We are currently looking at houses and would prefer one with a driveway at the front.

One house I have seen looks like it might be promising, however one thing is niggling at me.
The front wall has been knocked to create a driveway but the kerb in front has not been dished. Neighbouring houses on the road have also created a driveway but they have the dishing done.

My query is, does the lack of a 'dishing' suggest that the driveway was likely built without obtaining planning permission?
If so, would it be a matter of either the current owner (or the new owner in time) applying to Dublin City Council for the kerb to be dished out.
Or would this simply flag to the council that the driveway was unauthorised?


----------



## Brendan Burgess (9 Mar 2017)

Knocking down a wall to create a driveway requires planning permission. 
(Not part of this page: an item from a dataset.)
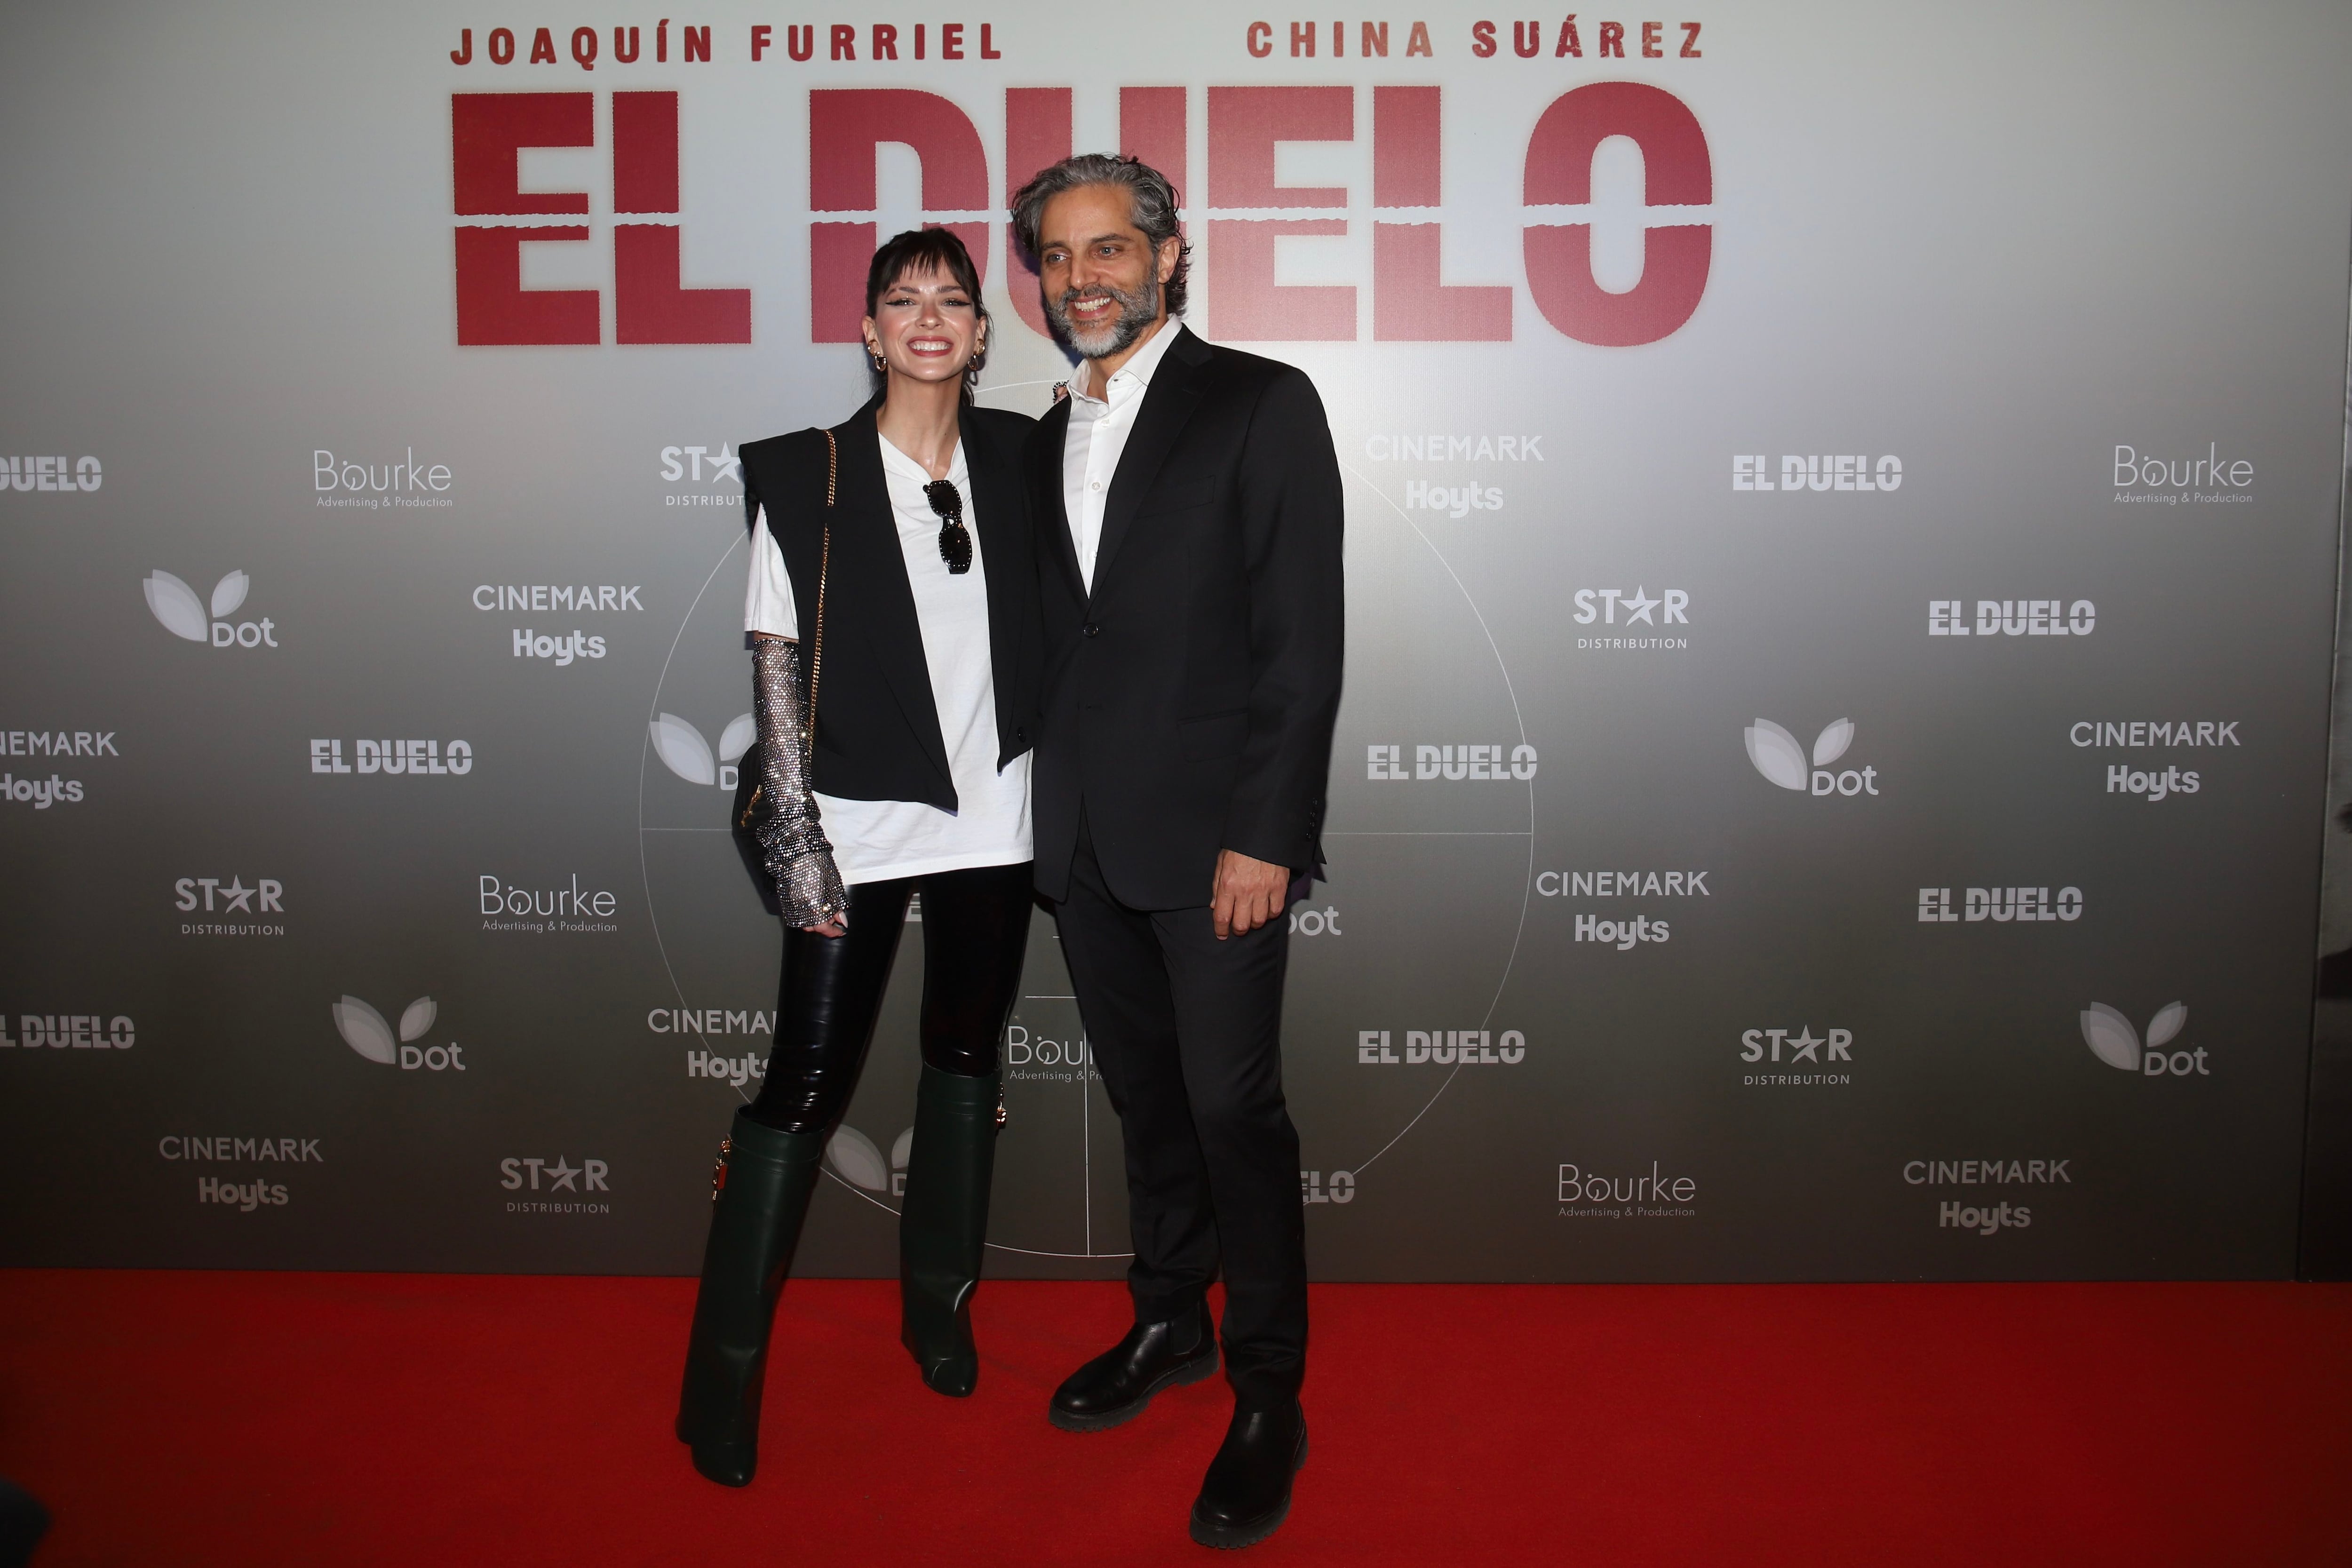 Joaquín Furriel y la China Suárez en la premiere de El duelo (RS Fotos)

The planning permission will require that the footpath by dished by the Council. 

Some people get planning permission , but then ignore the requirement of getting the Council to dish the footpath. 

So, first check online to see if they have planning permission. 
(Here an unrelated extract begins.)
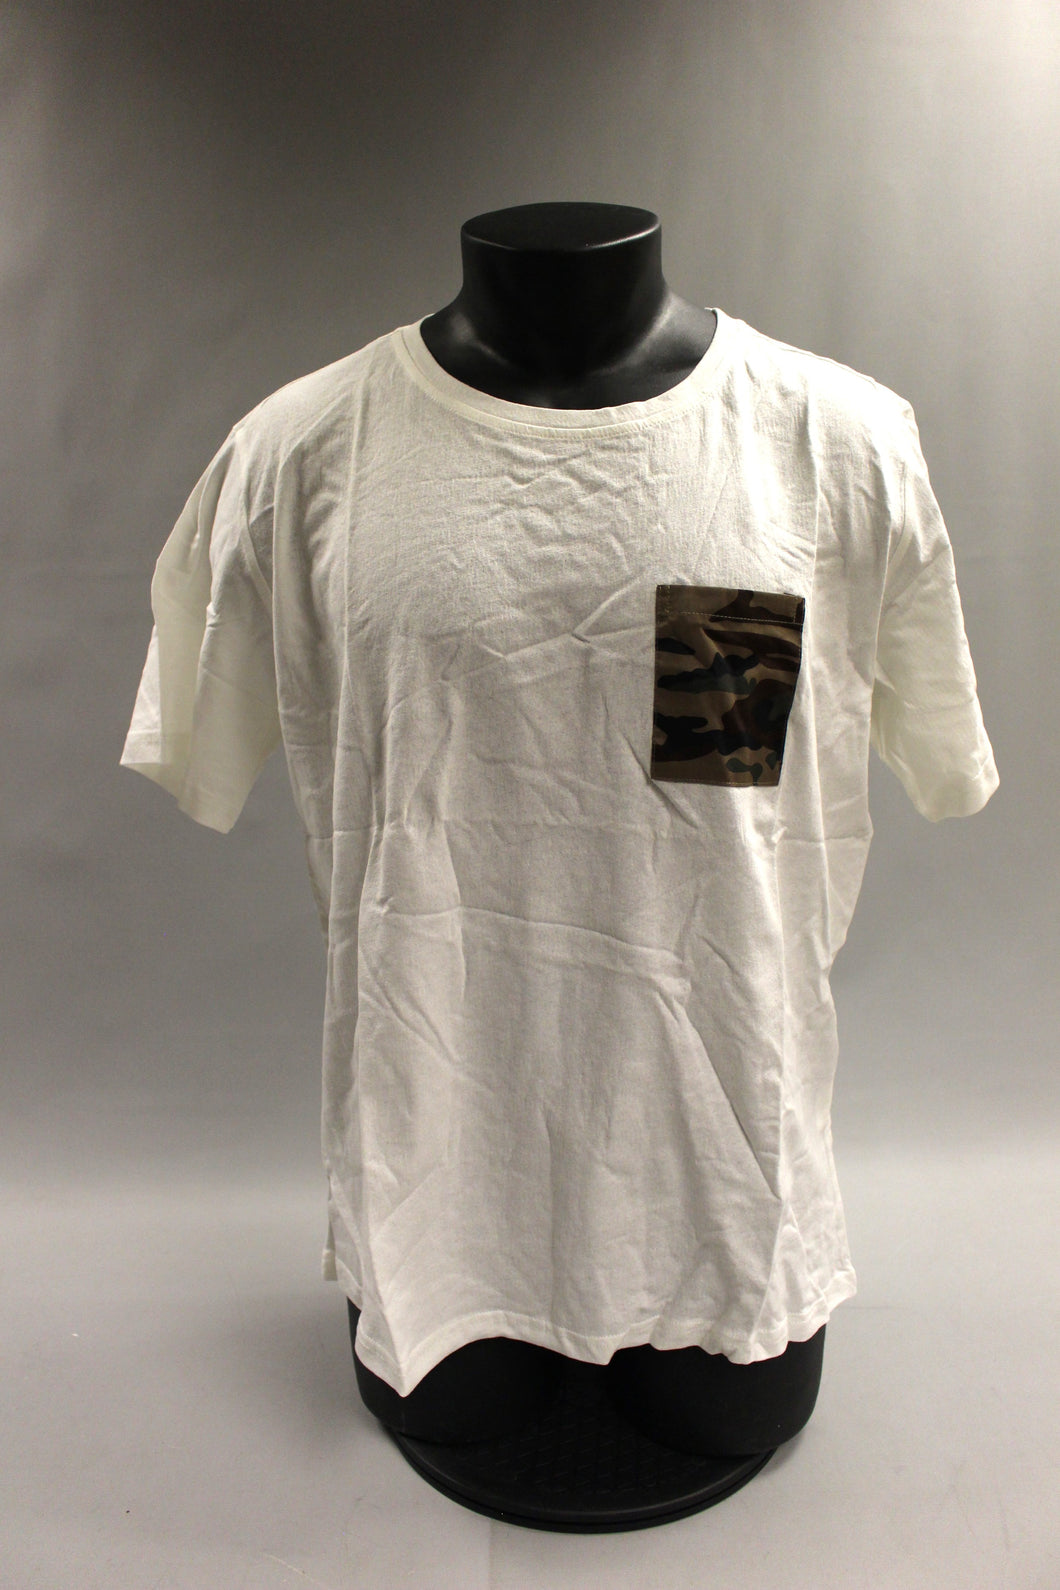 Hemiks Men's Cream Camouflage Pocket T-Shirt - Large - Short Sleeve - New

If so, check with the Council how much it would cost to dish the footpath. 

If they don't have planning permission, check other houses to see if they applied and got it.  If so,chances are you would get retention. 
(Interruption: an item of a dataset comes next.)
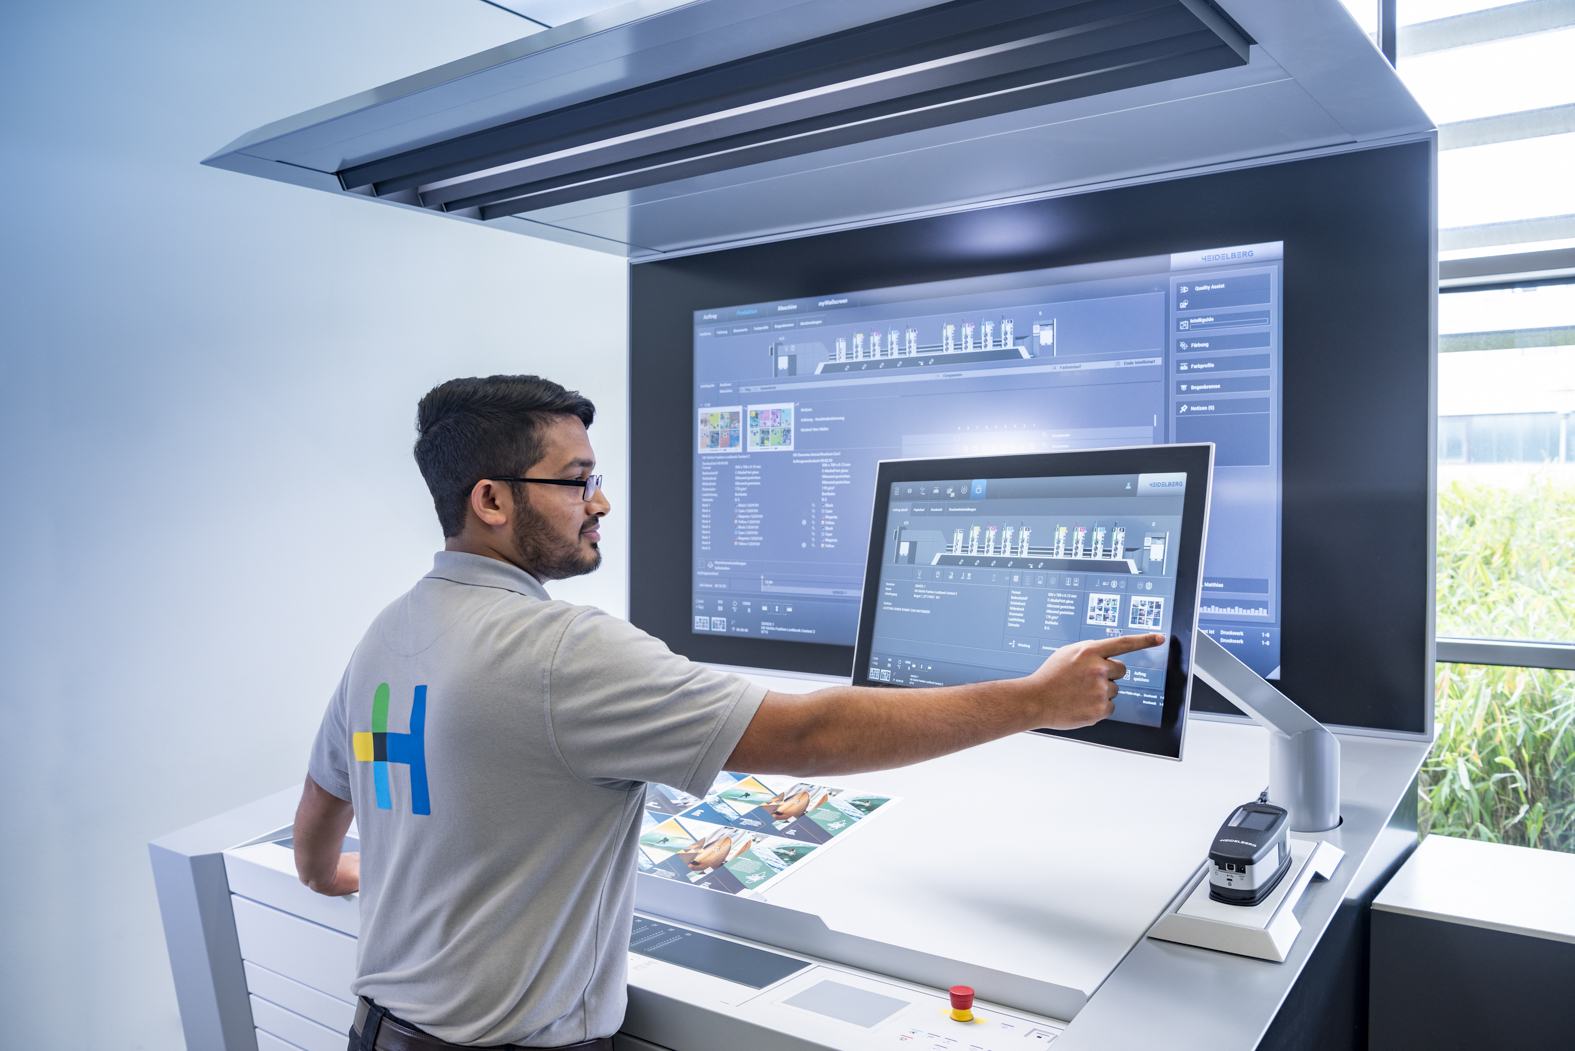 Новый пульт Prinect Press Center, новая операционная система Speedmaster Operating System, светодиодная стандартная лампа дневного света — компания Heidelberg создала современную, удобную для пользователя рабочую станцию.

Factor all that into the price you pay.

Brendan


----------



## JohnJay (9 Mar 2017)

Its something for the seller of the house to sort out before the sale goes through. Your surveyor and solicitor should flag this as something that will need to be sorted before you proceed. 

Further info on dishing here: http://www.dublincity.ie/main-menu-...nance-and-street-repair/modify-footpath-allow

Interestingly, South Dublin Co Co have a different way of handling dishings. You have to pay them a €220 fee for a "road opening licence" then get your own contractor (with 6.5m public liability insurance) to do the job. It can also be a condition of your planning permission that you also have to pay the council a  bond of €1000 for 12 months so that you dont damage any trees, grass verges, etc. The €556 to DCC is a much better deal!


----------



## elcato (10 Mar 2017)

Or you could just put a scaffo plank down like the good old days


----------